This template is automatically filled with:
<curr_instructions>: The current instruction being optimized<inputs_outputs_feedback>: Structured markdown containing predictor inputs, generated outputs, and evaluation feedback
Example of default behavior:
# Default instruction proposer is used automatically
gepa = dspy.GEPA(
metric=my_metric,
reflection_lm=dspy.LM(model="gpt-5", temperature=1.0, max_tokens=32000, api_key=api_key),
auto="medium"
)
optimized_program = gepa.compile(student, trainset=examples)
When to Use Custom instruction_proposer¶
Note: Custom instruction proposers are an advanced feature. Most users should start with the default proposer, which works well for most text-based optimization tasks.
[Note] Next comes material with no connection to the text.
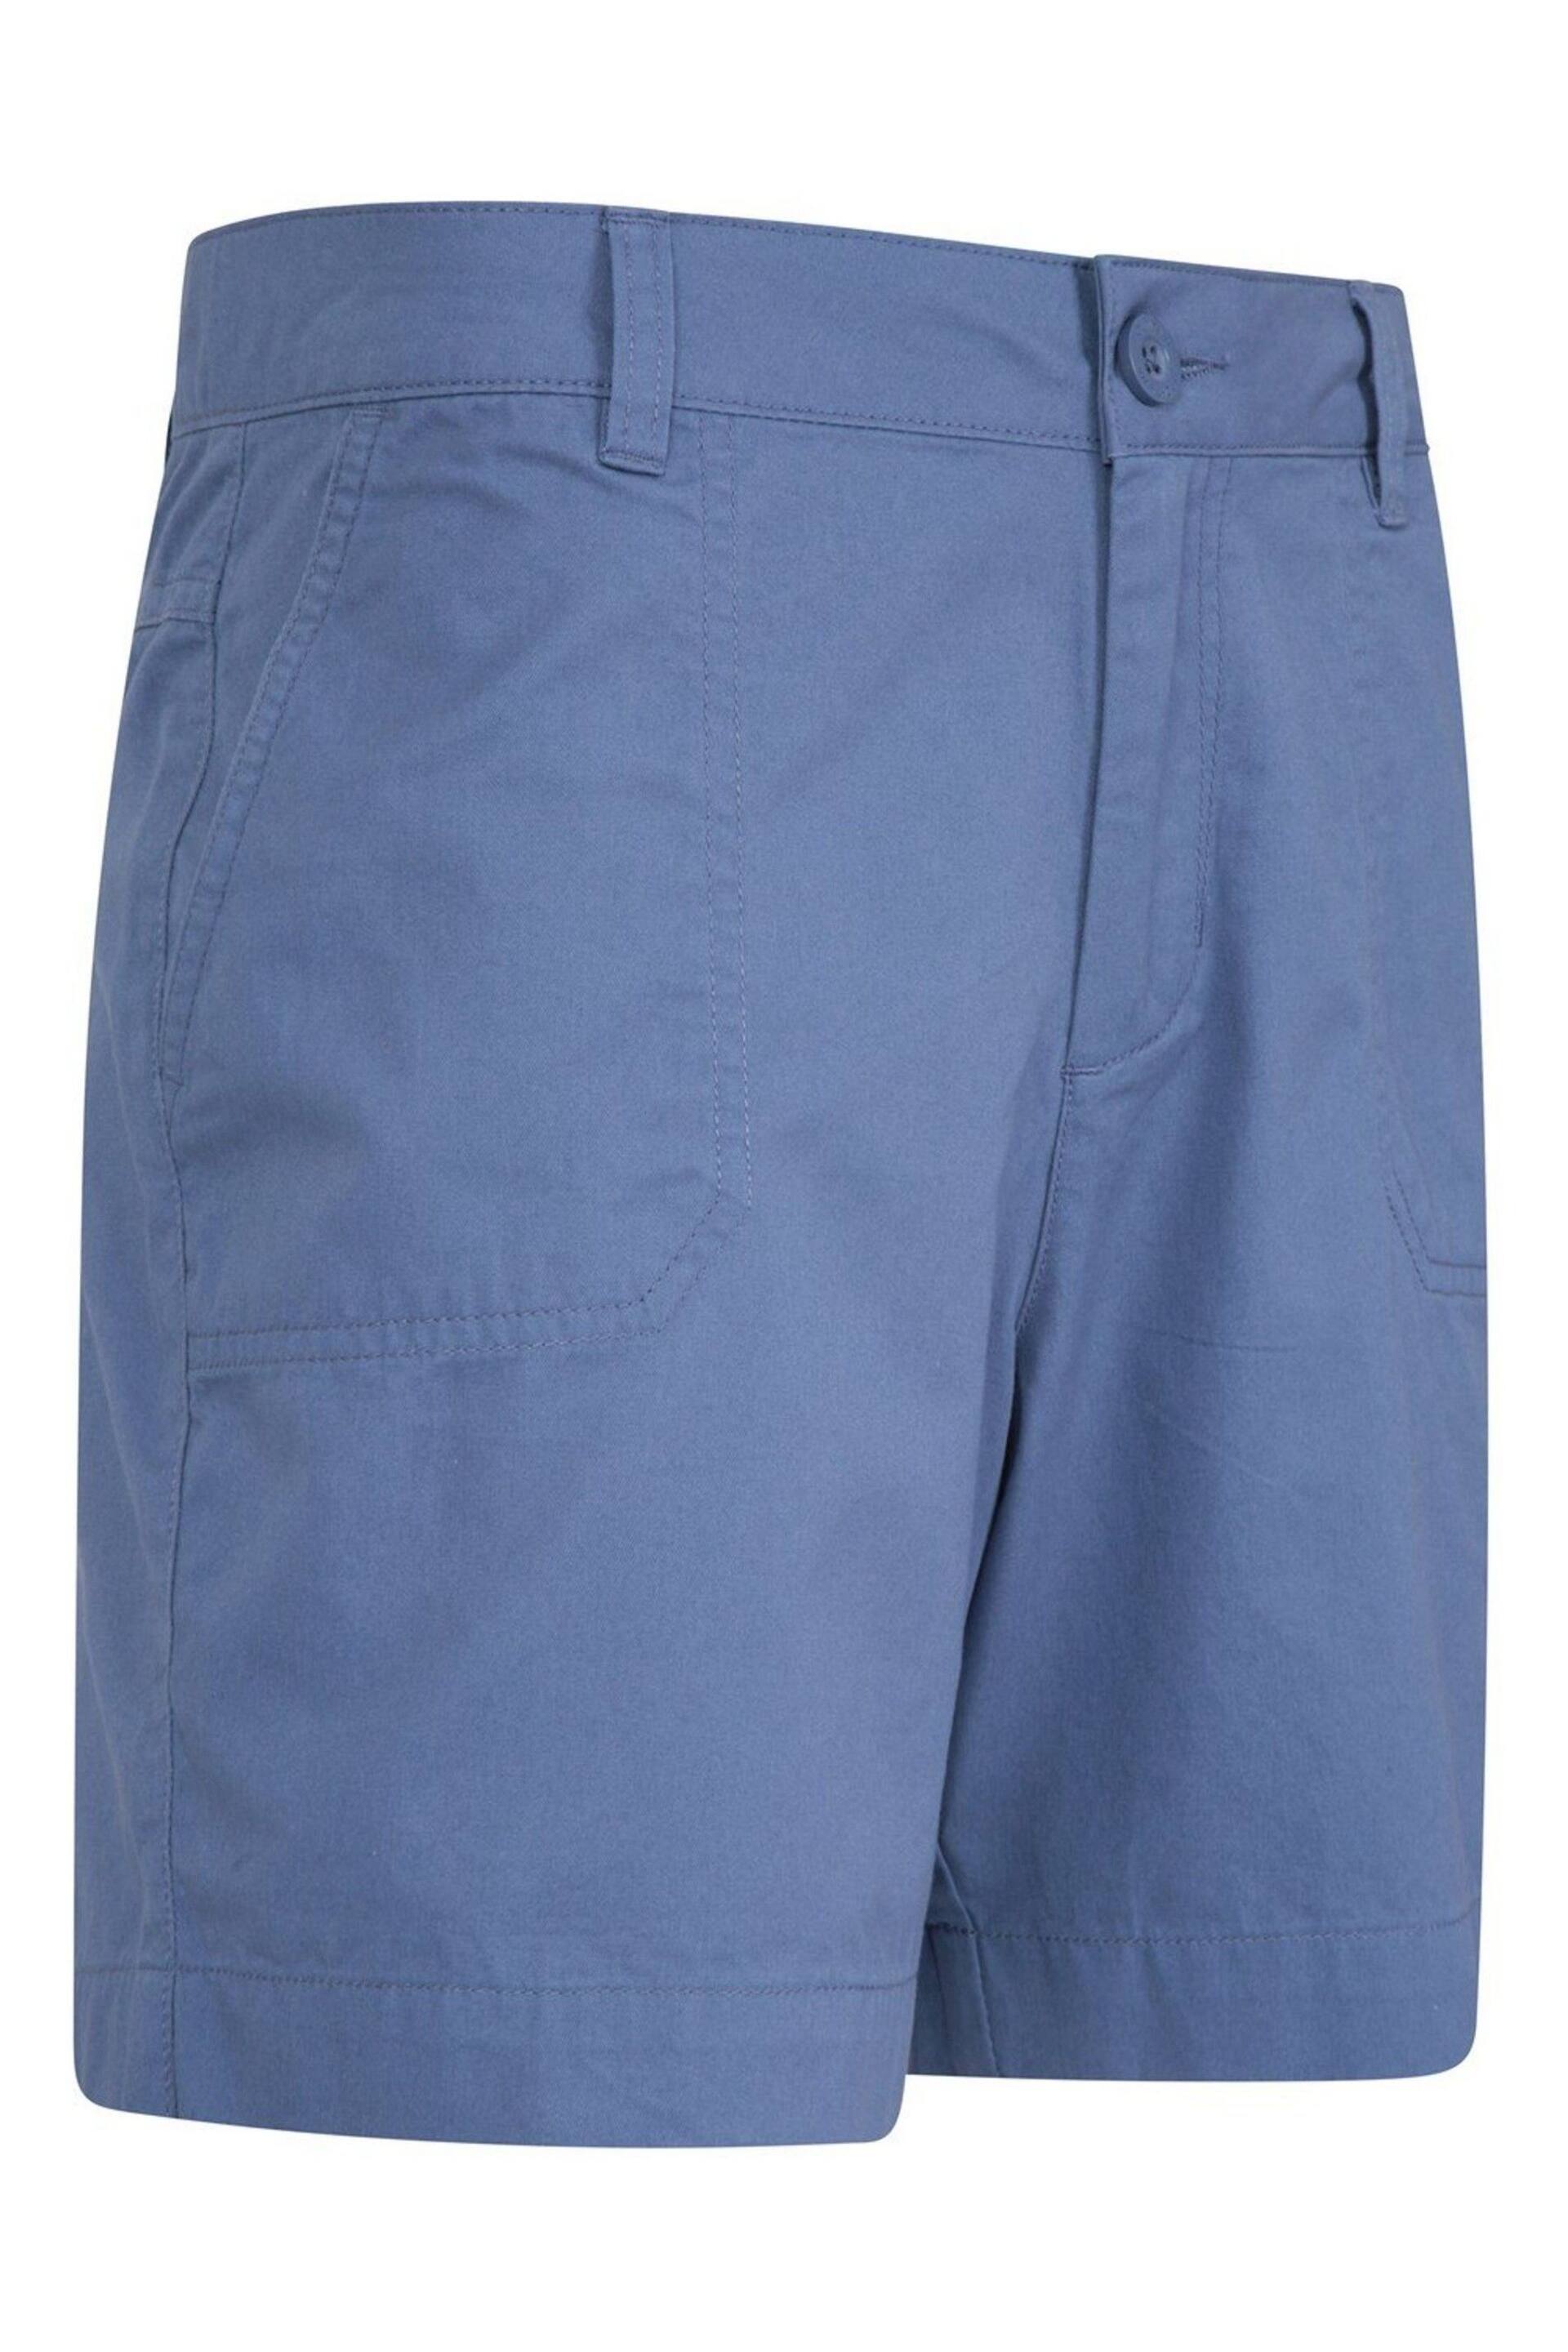 Mountain Warehouse Blue Bayside 100% Organic Cotton Womens Shorts - Image 2 of 4
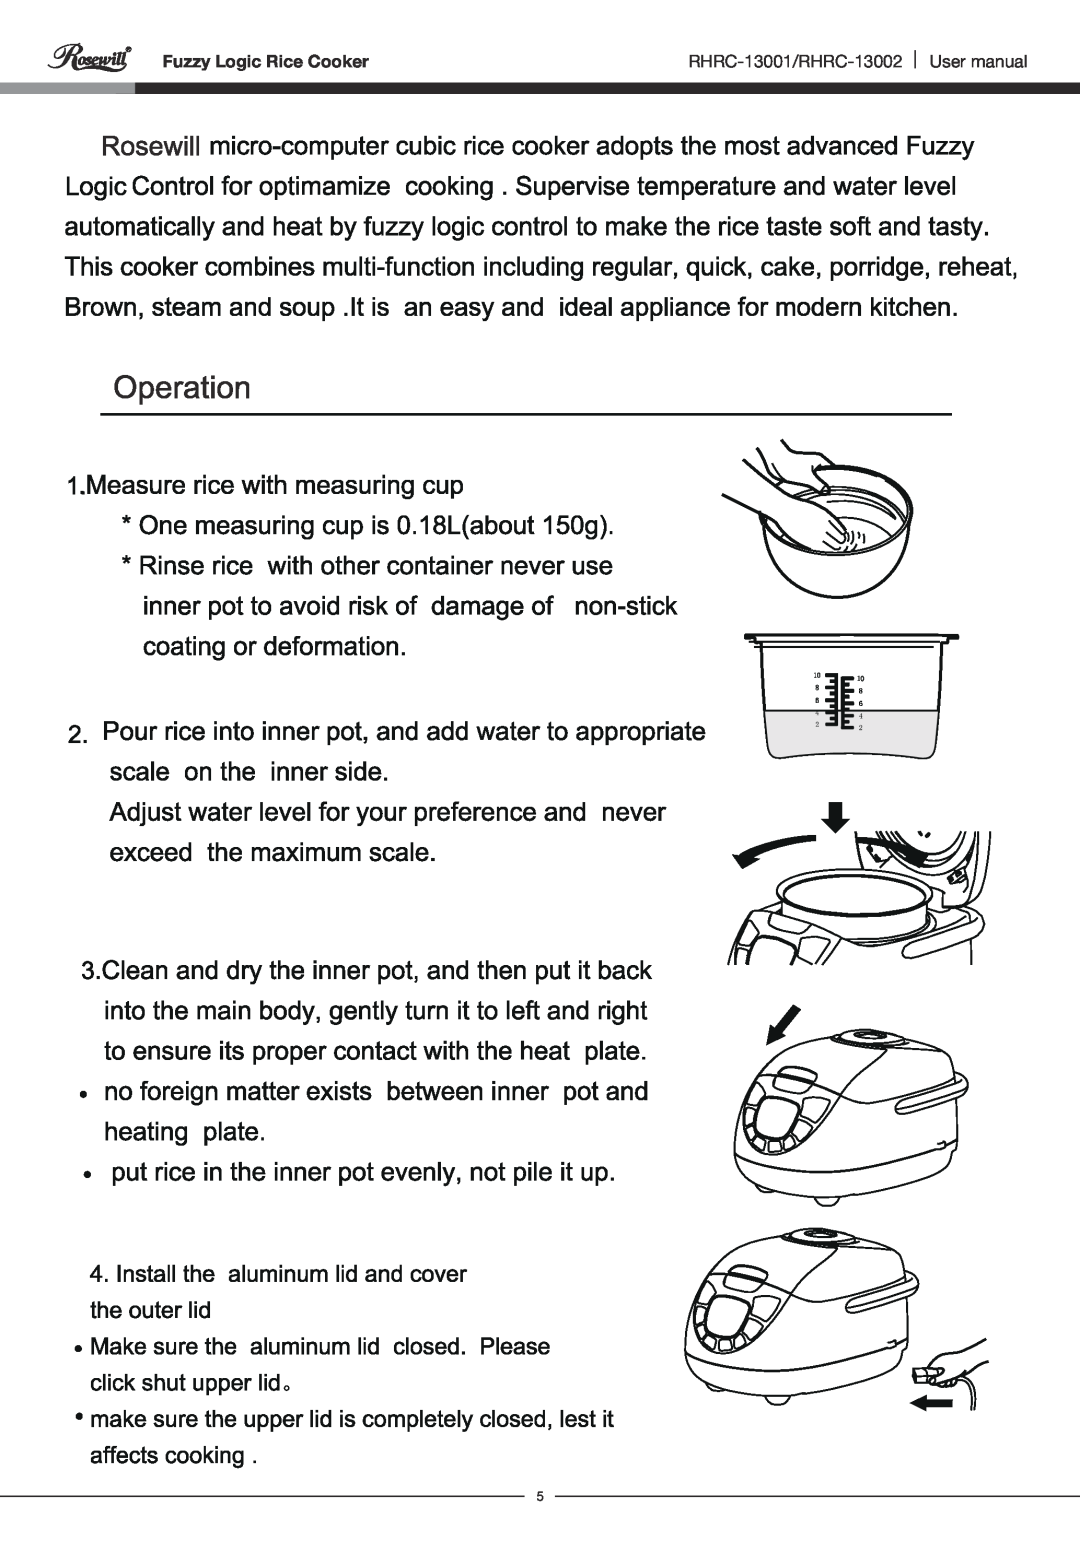 Rosewill user manual Fuzzy Logic Rice Cooker, RHRC-13001/RHRC-13002

Consider implementing a custom instruction proposer when you need:
- Multi-modal handling: Process images (dspy.Image) alongside textual information in your inputs
- Nuanced control on limits and length constraints: Have more fine-grained control over instruction length, format, and structural requirements
- Domain-specific information: Inject specialized knowledge, terminology, or context that the default proposer lacks and cannot be provided via feedback_func. This is an advanced feature, and most users should not need to use this.
- Provider-specific prompting guides: Optimize instructions for specific LLM providers (OpenAI, Anthropic, etc.) with their unique formatting preferences
- Coupled component updates: Handle situations where 2 or more components need to be updated together in a coordinated manner, rather than optimizing each component independently (refer to component_selector parameter, in Custom Component Selection section, for related functionality)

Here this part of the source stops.